Fair enough; these are tough times we’re in and besides, it’s not likely we’ll see that number drift down too quickly. Even huts DOC can’t look after won’t just crumble and fall apart immediately. Most backcountry huts have been built to last, and last they are. Many decades old and have survived the absolute worst Mother Nature can throw at them.
The bad news is DOC often sets about removing a hut it no longer maintains, no doubt citing health and safety regulations. Seems to me a hut in the wilds is a safer place to be when in dire straits, regardless of its condition, than remaining out in the open.
There is some good news though. Communities affected by hut closures and removal are stepping into the void created by DOC’s absence. Groups like that which rebuilt Mt Brown Hut on the West Coast, and more recently the locals at Tennyson Inlet who have proposed to save Matai Bay Hut, which DOC planned to move somewhere else. To DOC’s credit they’ve put that plan on hold and are in discussions ith the locals about how best to preserve the hut in its current location.
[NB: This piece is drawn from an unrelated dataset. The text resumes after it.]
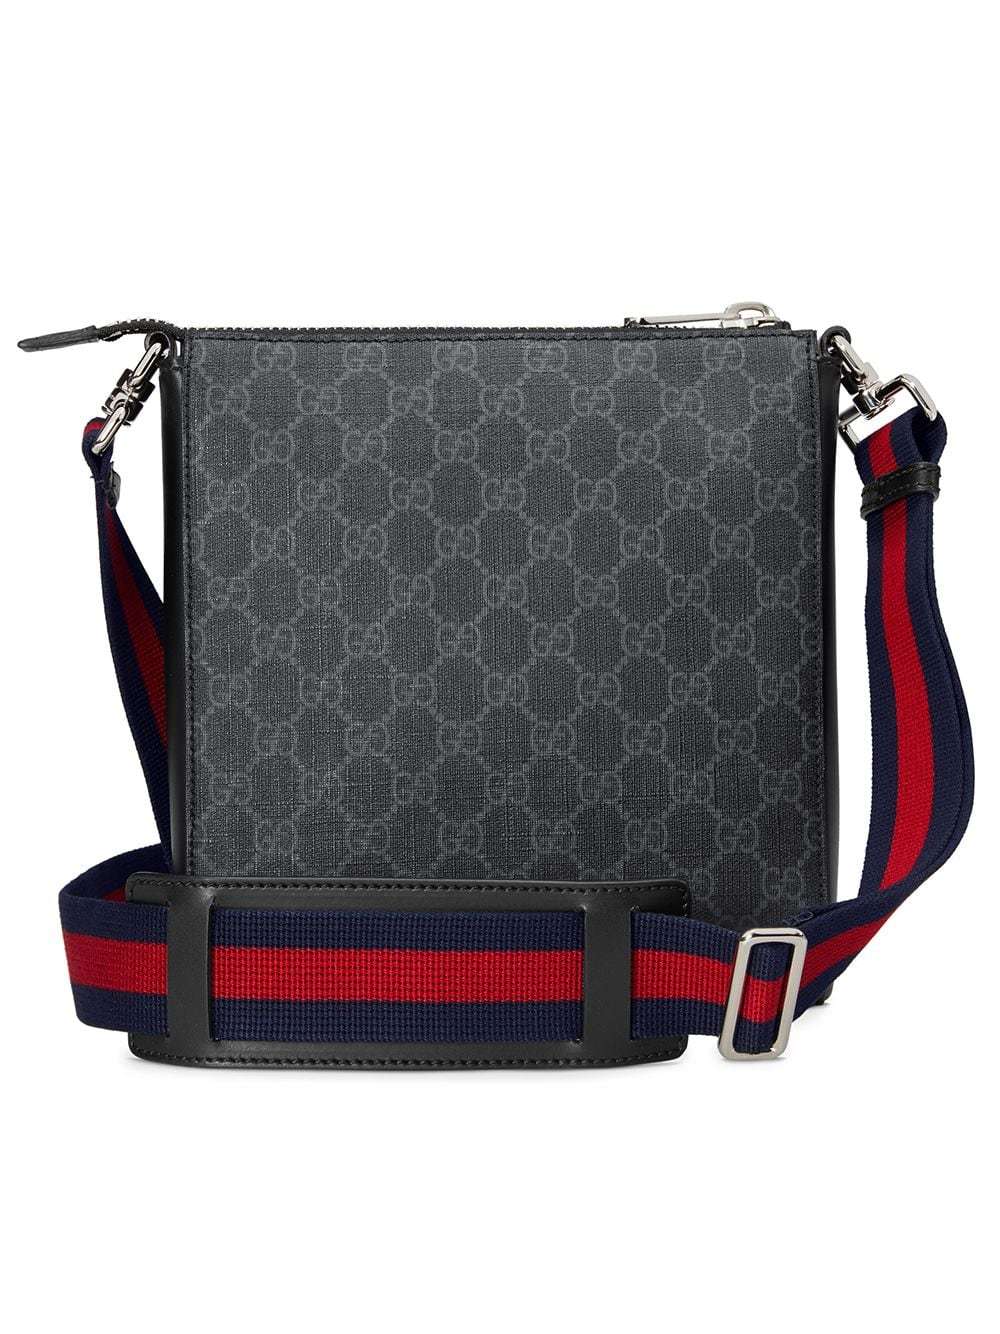 Gucci Gg Supreme Small Messenger Bag, $1,100 | farfetch.com

DOC is actually pretty keen to help communities who put their hand up – it kindly flew in the materials for the Mt Brown Hut project.
DOC’s budgetary constrains have been a call to action for many, so this issue we look at how building and maintaining huts in the backcountry isn’t something we have to rely solely on DOC for. If we want to keep the network we have, then it’s going to take a bit more hard yakka from those who use them. It’s not necessarily a bad thing – when communities and groups get together to achieve a common goal, then these communities are inevitably brought more tightly together. A little of the spirit and camaraderie of the backcountry brought closer to home.